Dr. Fujiyama himself did not crack and reveal Nightbird's location when the small group of Decepticons tried to intimidate him with some rather creative threats to various bits of his anatomy, however, one of his younger assistants did. Though they were rather disappointed with the assistant's cooperation because it meant that they didn't get the fun of squishing a few annoying fleshlings today, the Decepticons felt their mission was paramount and only tarried a few nanokliks to cause a little malicious, unwarranted damage before departing to retrieve Nightbird from the secret storage facility.

"Nightbird!" Ramjet proclaimed importantly when Bombshell had fully reactivated the berserk Ninja-bot's brain chip. "The Decepticons have brought you out of stasis so you can help us claim the top prize in a dancing competition-"

Nightbird scowled darkly before Ramjet could finish.

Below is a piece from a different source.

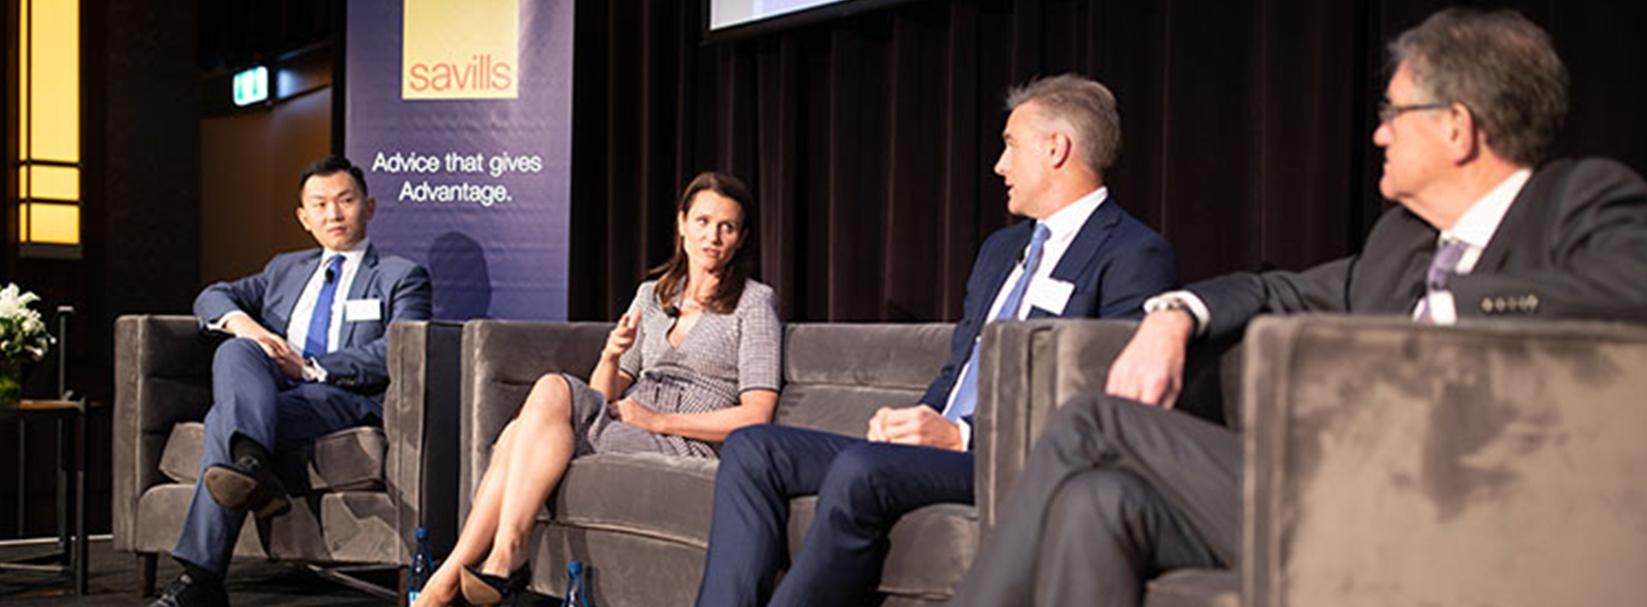 Tech, industrial sectors to reshape Melbourne

After that, things did not go well for any of the Decepticons involved.

O.O.O

_Continued in Chapter 5 ..._


	5. Auditions

_**Dancing With The Autobots**_

Chapter 5: Auditions - Part I

O.O.O

A little more than three weeks later, all optics in the Decepticon command center were glued to the viewscreen. The only time any gazes ever strayed from the human programming was when an impatient individual here or there cast an irritated glance at the chronometer which was set to display the current local Earth time. According to the broadcast schedule the humans had published – and the Decepticons tended to sneeringly dismiss the possibility of human scheduling systems ever being totally accurate – the first episode of _Dancing with the Autobots _would begin to air in a little less than a breem.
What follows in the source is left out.